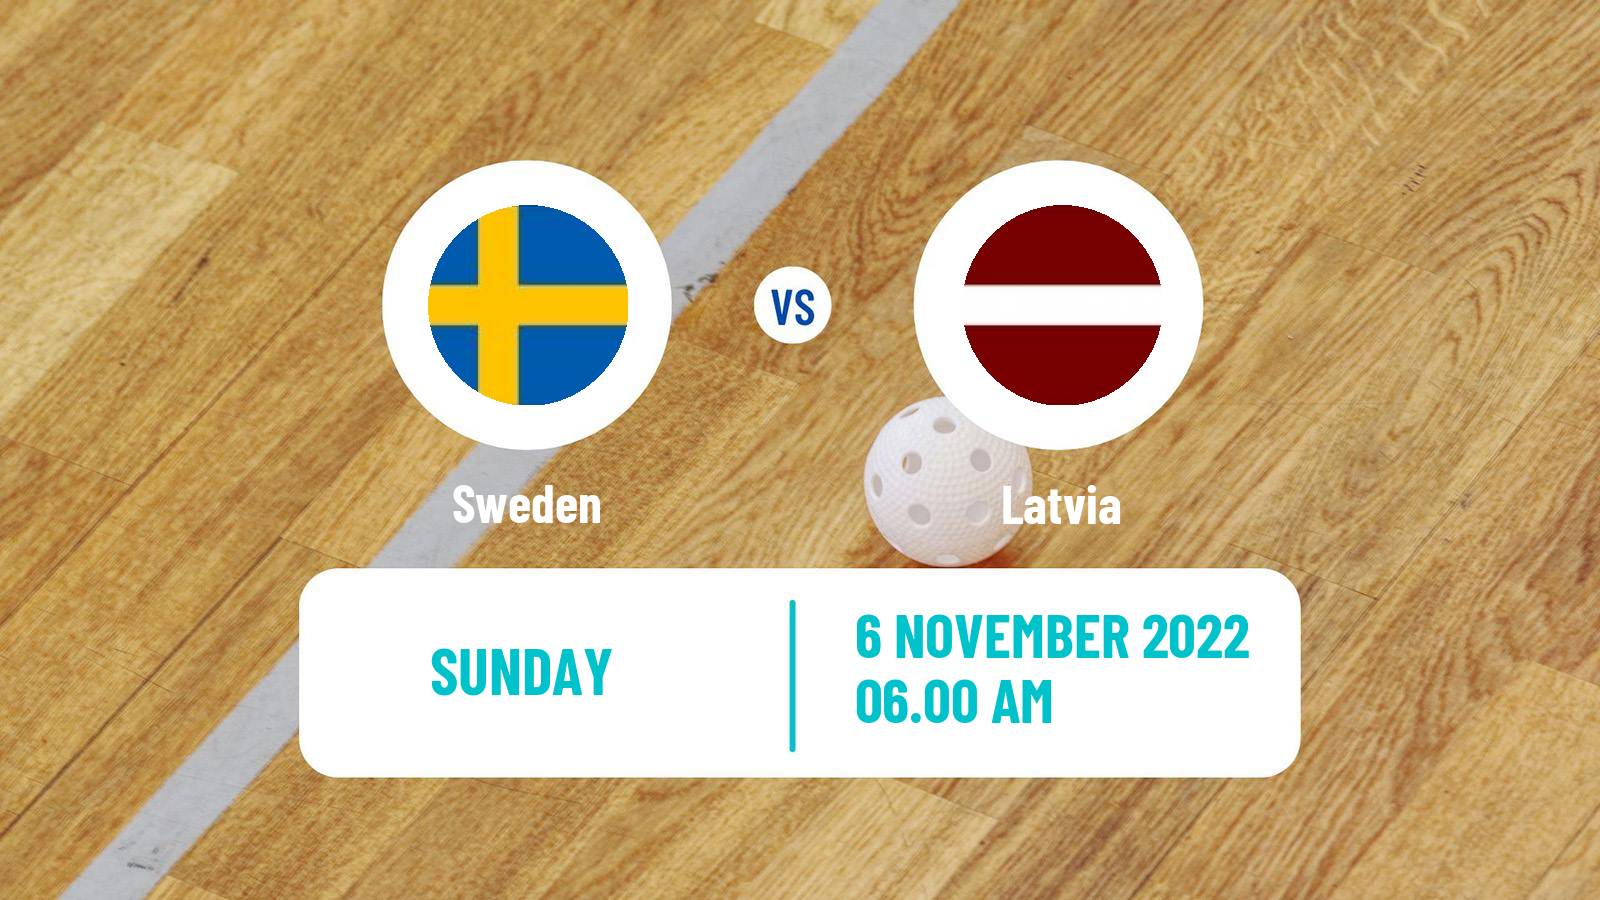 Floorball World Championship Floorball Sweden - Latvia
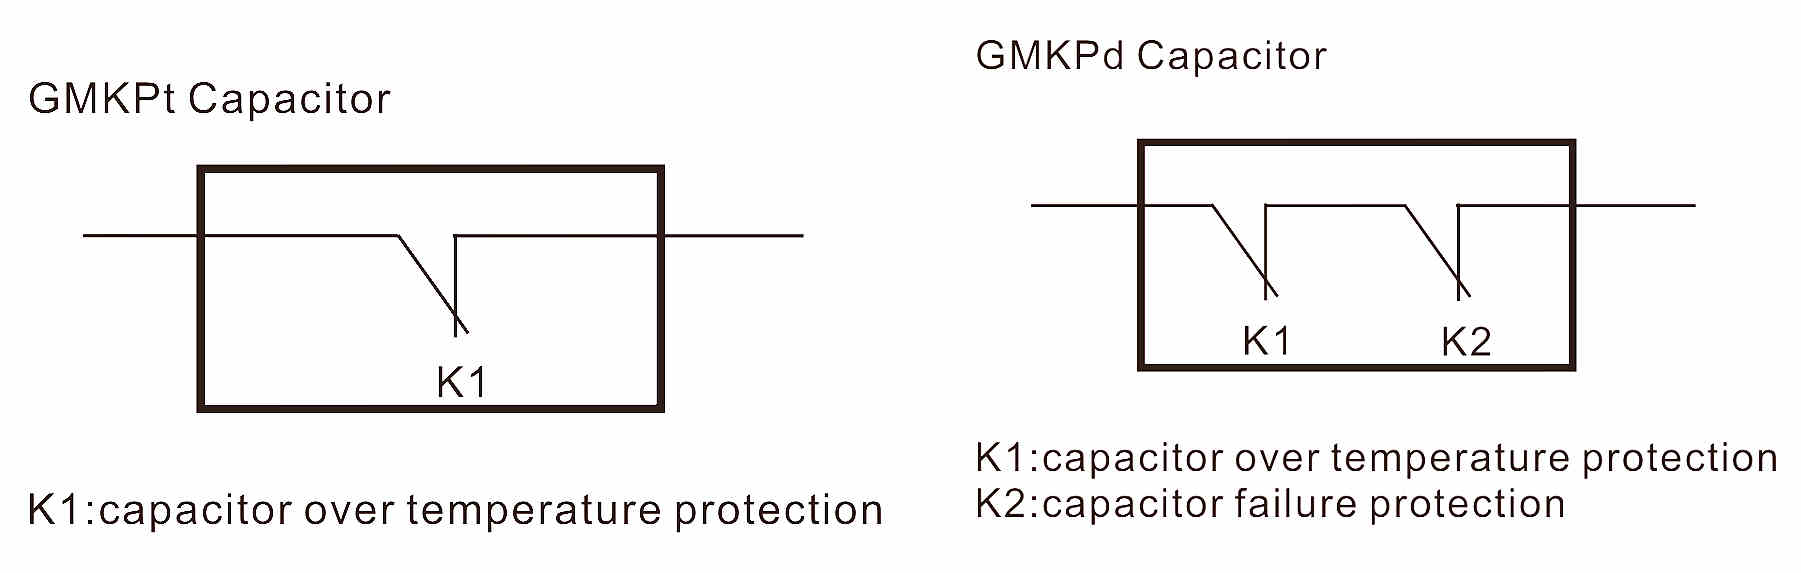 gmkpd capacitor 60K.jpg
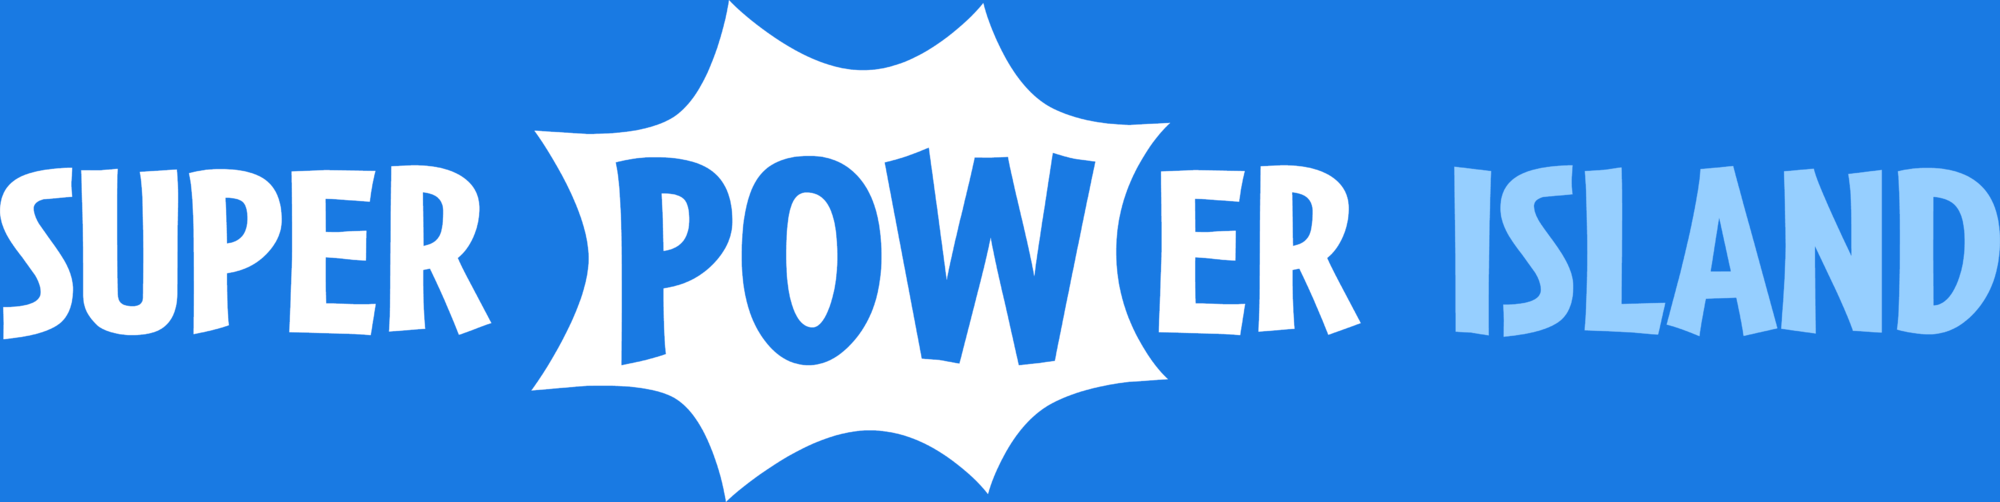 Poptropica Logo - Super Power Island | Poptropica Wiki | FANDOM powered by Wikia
---
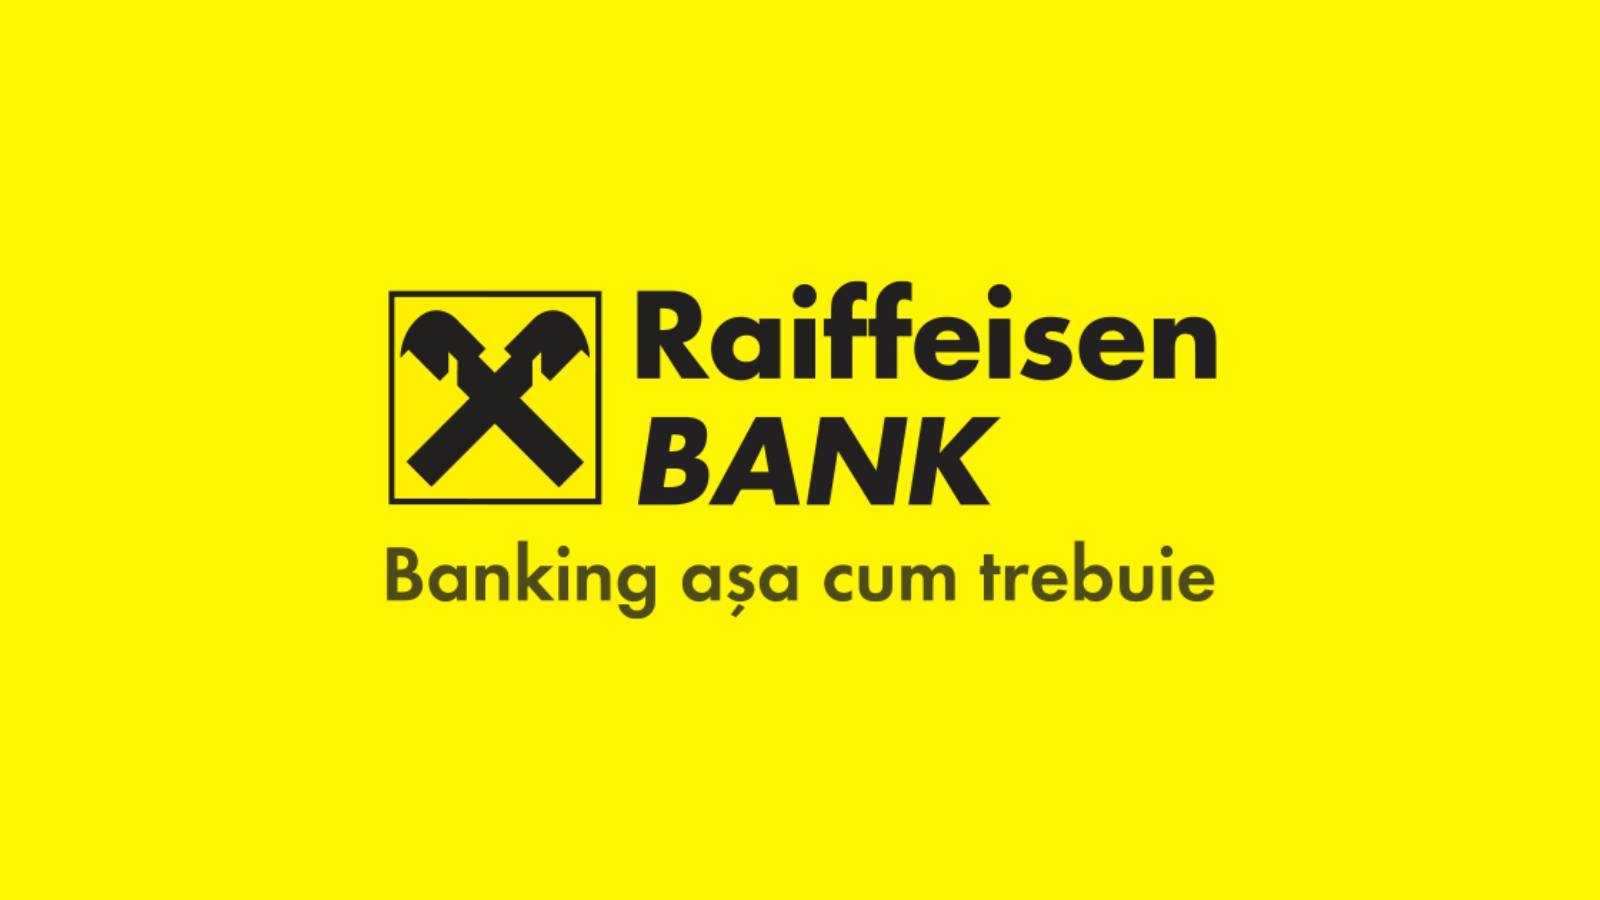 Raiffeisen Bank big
...
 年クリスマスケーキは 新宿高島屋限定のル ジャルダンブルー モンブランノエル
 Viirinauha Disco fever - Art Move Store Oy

• [WORK ORDER]: Up in the listing, locate the line with "Floorball World Championship"; print it and every line after it down to the line with "Poptropica Logo - Super", which is included too. Skip the pictures.

• [SOLUTION FOR THIS EXERCISE]:
 Floorball World Championship Floorball Sweden - Latvia
 gmkpd capacitor 60K.jpg
 Poptropica Logo - Super Power Island | Poptropica Wiki | FANDOM powered by Wikia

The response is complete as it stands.